§ **Work instruction**: Your reply should reproduce each line below exactly and carry none of the pictures.

§ **Data block**:
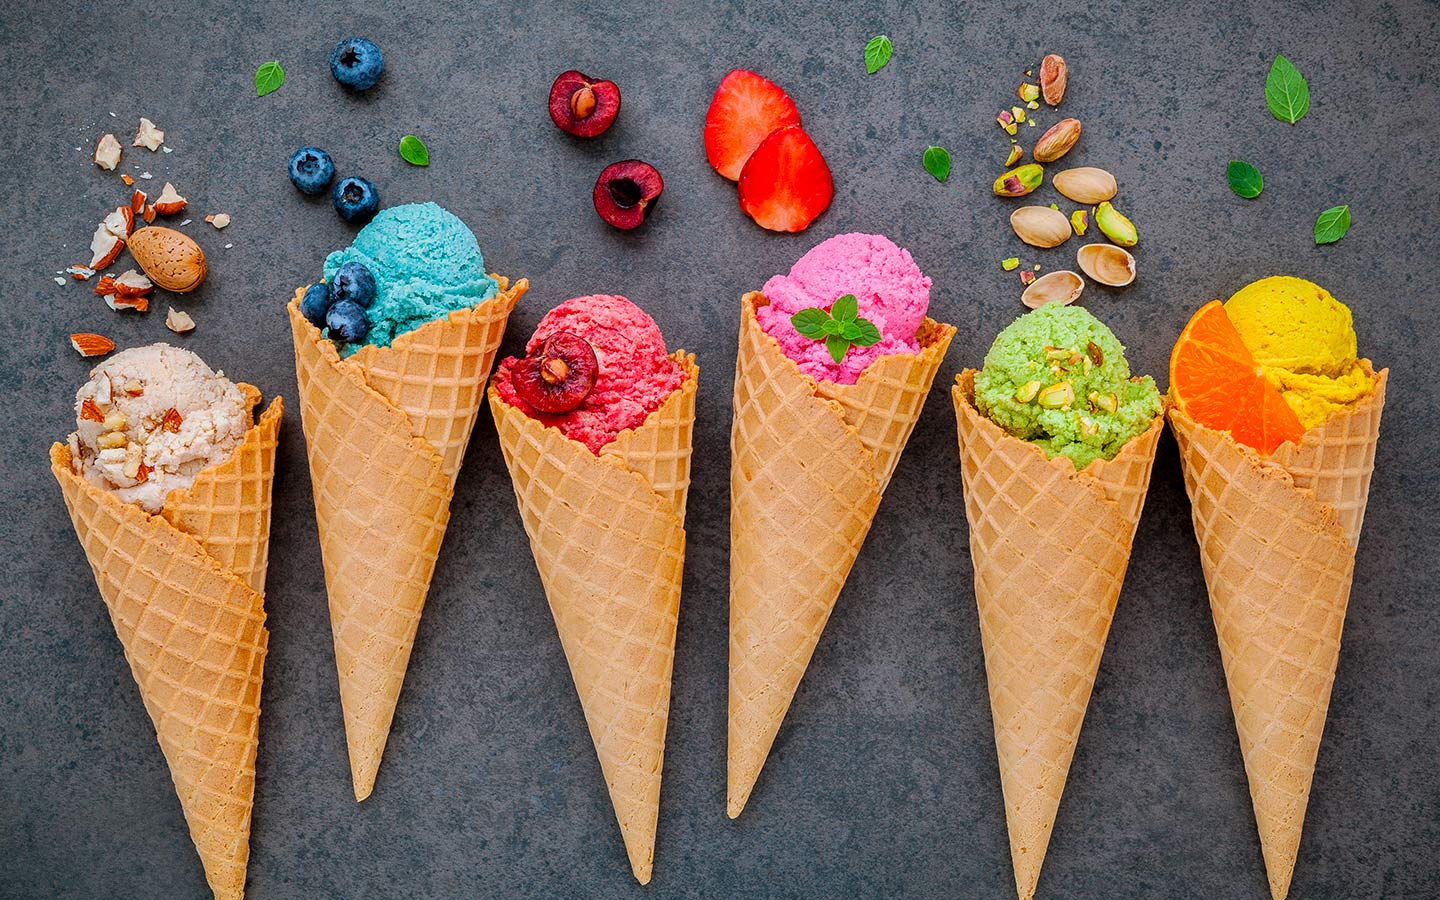 Evolution of artisanal ice-cream
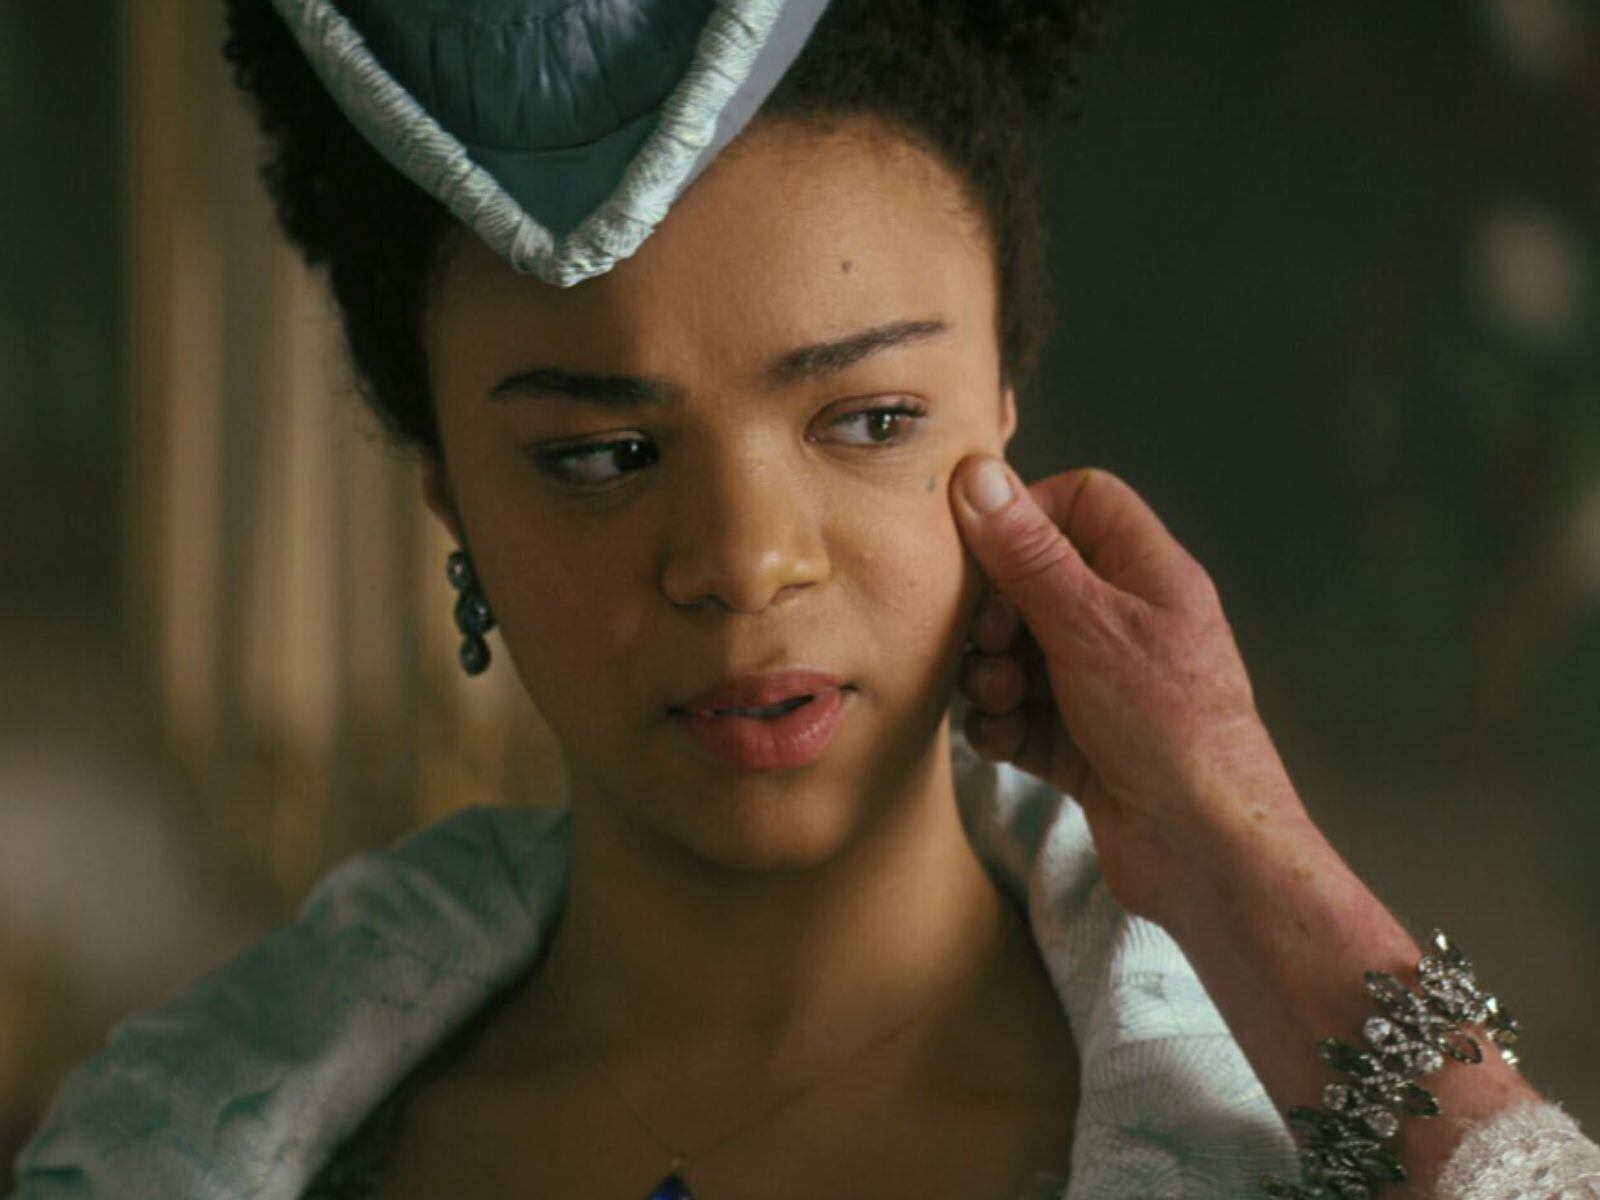 India Amarteifio  en una escena de la serie “La reina Charlotte: Una historia de Bridgerton” (Foto: Netflix)
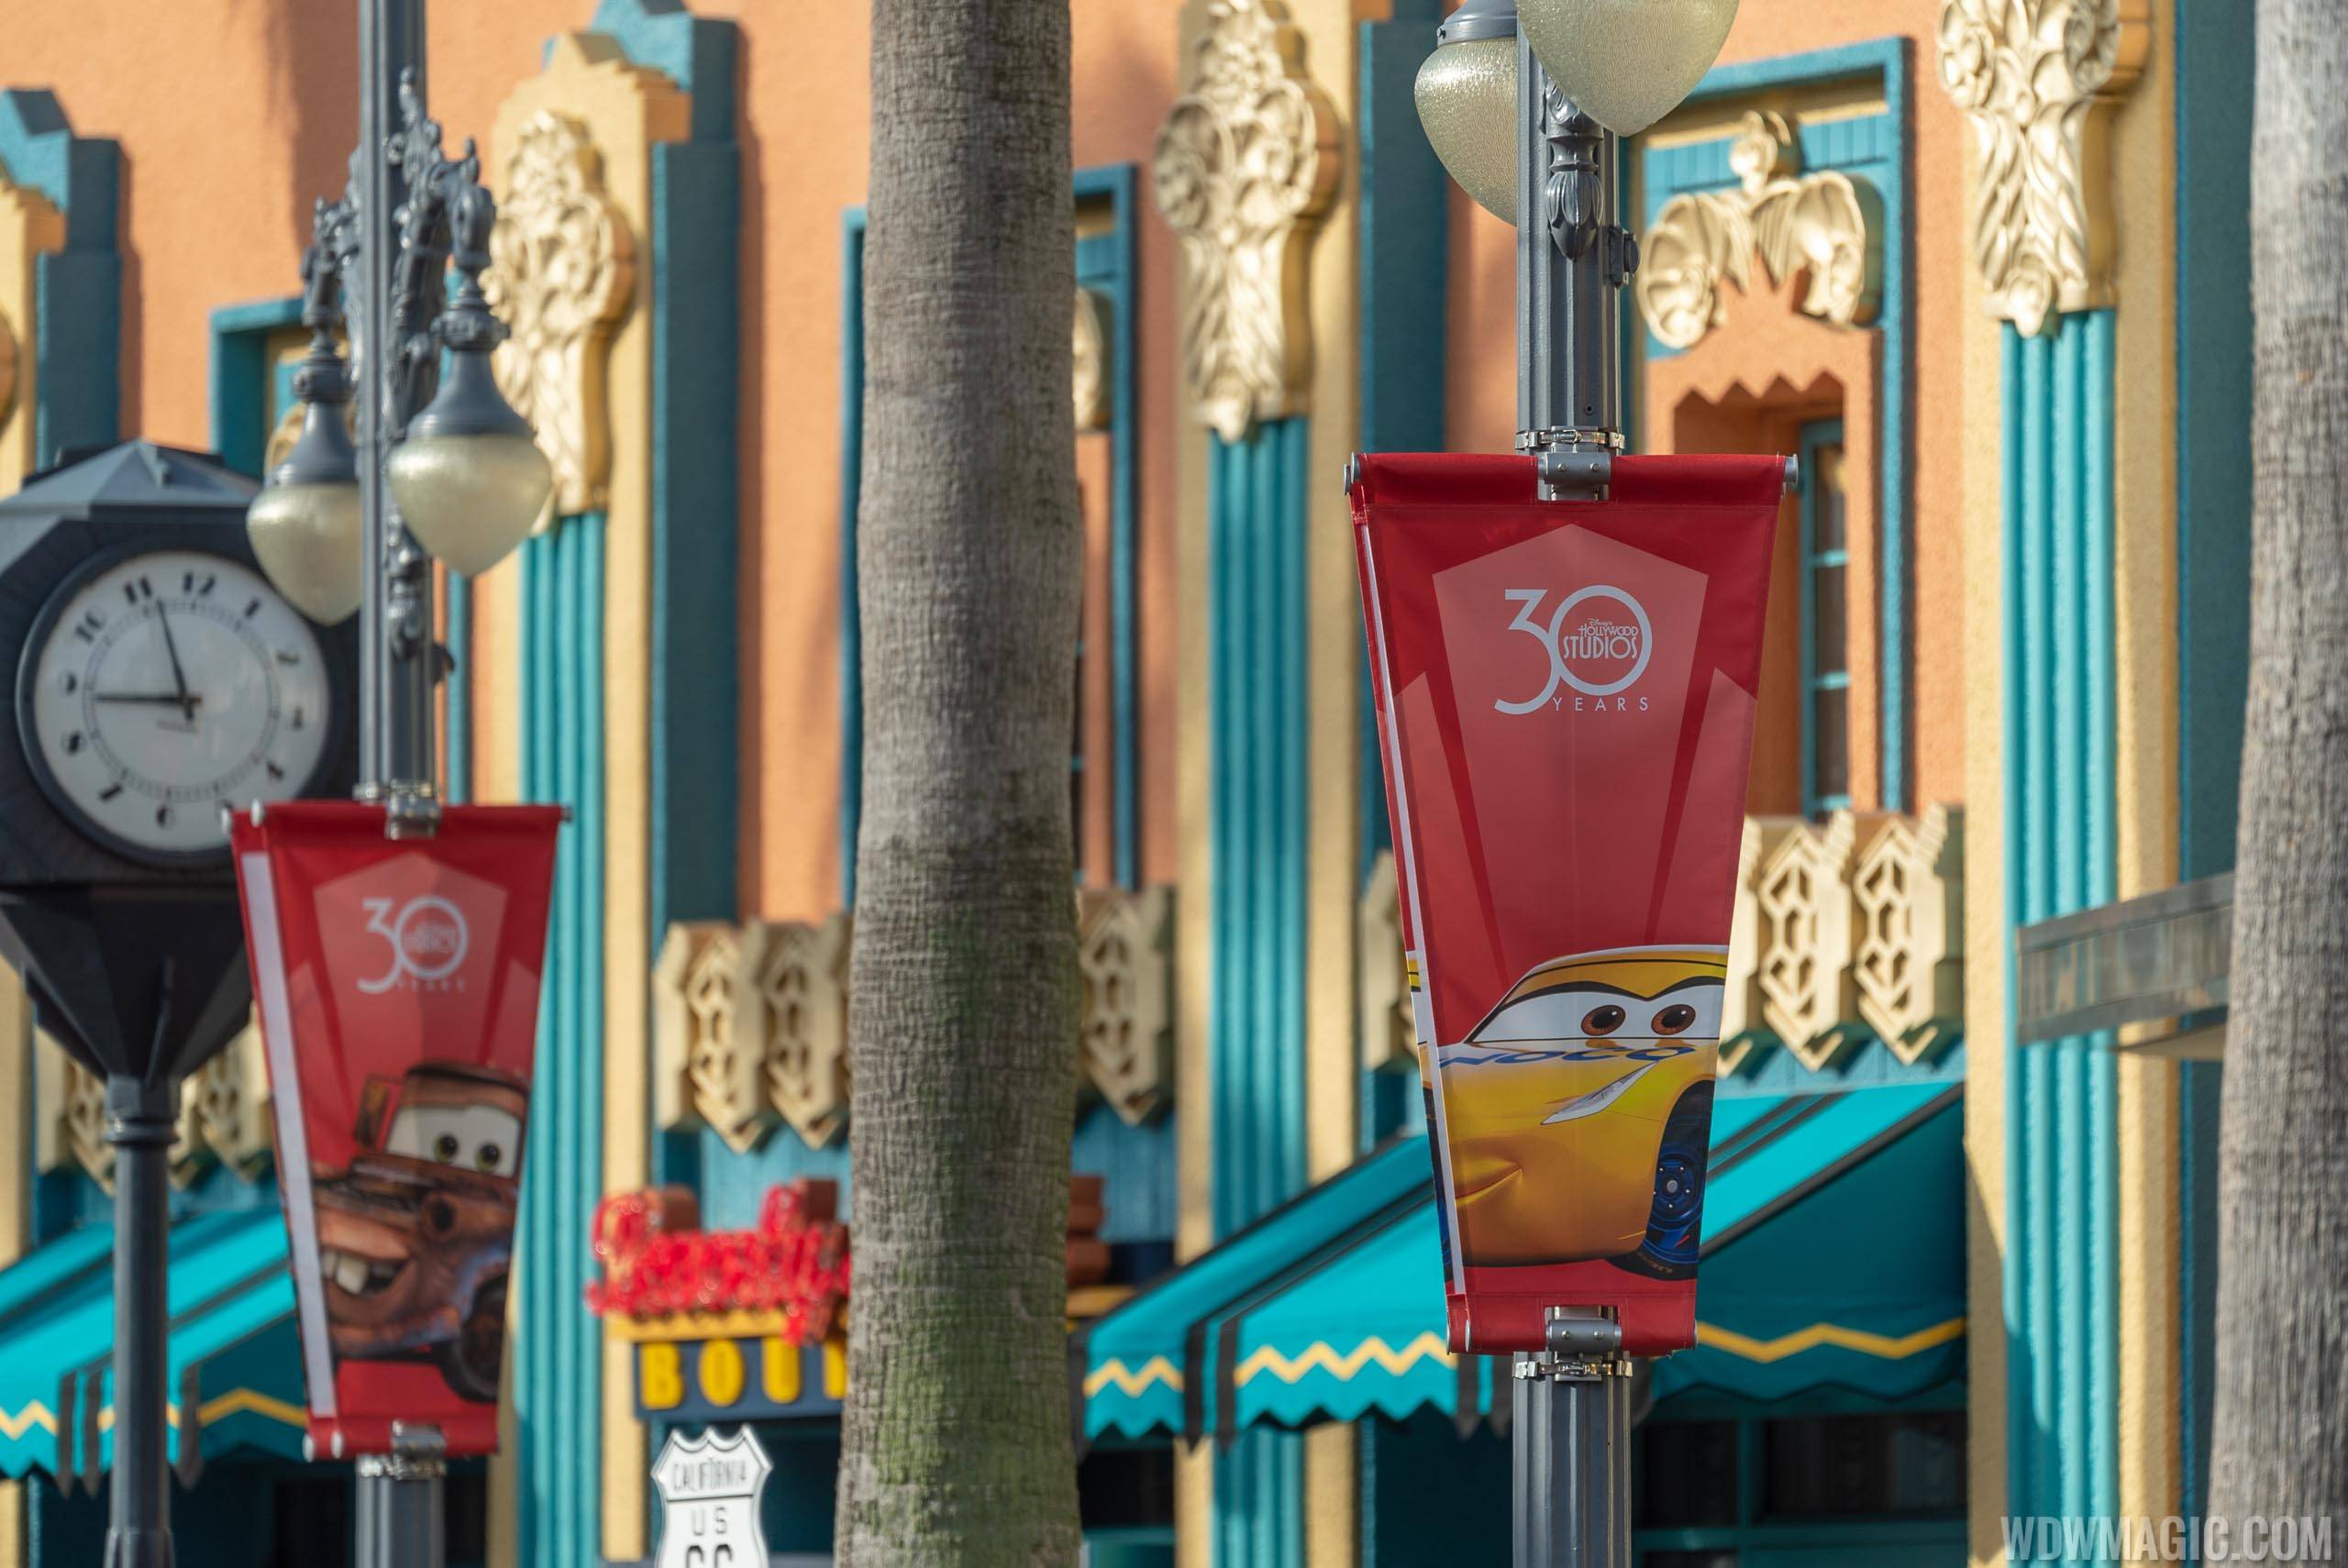 Disney's Hollywood Studios 30th Anniversary banners

§ **Solution**:
 Evolution of artisanal ice-cream
 India Amarteifio  en una escena de la serie “La reina Charlotte: Una historia de Bridgerton” (Foto: Netflix)
 Disney's Hollywood Studios 30th Anniversary banners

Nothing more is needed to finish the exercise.